Глава 2
20 апреля
Буквы на мониторе расплывались.
Оставалось вытерпеть ещё полтора часа. Всего лишь полчаса назад он вернулся с обеда, внезапно осознав, что наступил четвёртый час дня, а он всё ещё без еды. В его желудке всё это время плескался только стаканчик кофе из автомата, выпитый утром, и шоколадка, которой угостила коллега. Но за объёмом навалившихся задач не было времени даже подумать о том, что голод уже недовольно стоял над душой.
С самого утра все чего-то хотели. Десятки задач, одна важнее другой, и всё нужно было сделать ещё вчера.

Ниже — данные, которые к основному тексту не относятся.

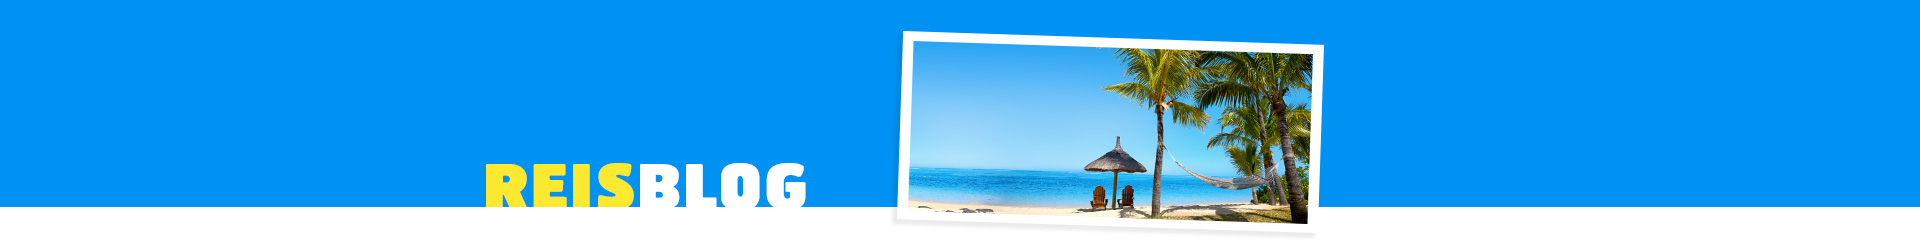 Prachtig wit strand met wuivende palmbomen en azuurblauwe zee.

И за каждую Тим не мог нести ответственность в полной мере. Не то чтобы он хотел это делать. Дело было в том, что спрашивали с него о работе людей, которые были либо в других подразделениях, либо вовсе не были обязаны отчитываться перед ним.
Каждый чёртов день сопровождался его раздражением по этому поводу. Нужно было держать в голове миллион информации, и CRM-система не помогала контролировать входящий поток задач, напоминаний и фактов.
Что-то не так на складе — Тим. Что-то не так с документами — Тим. Что-то не так по логистике — Тим. Вопросы по складу — Тим. Вопросы по бумажкам — Тим. Вопросы по сайту — Тим. Вопросы о чём-то, о чём он даже теоретически не имел представления, — всё равно Тим.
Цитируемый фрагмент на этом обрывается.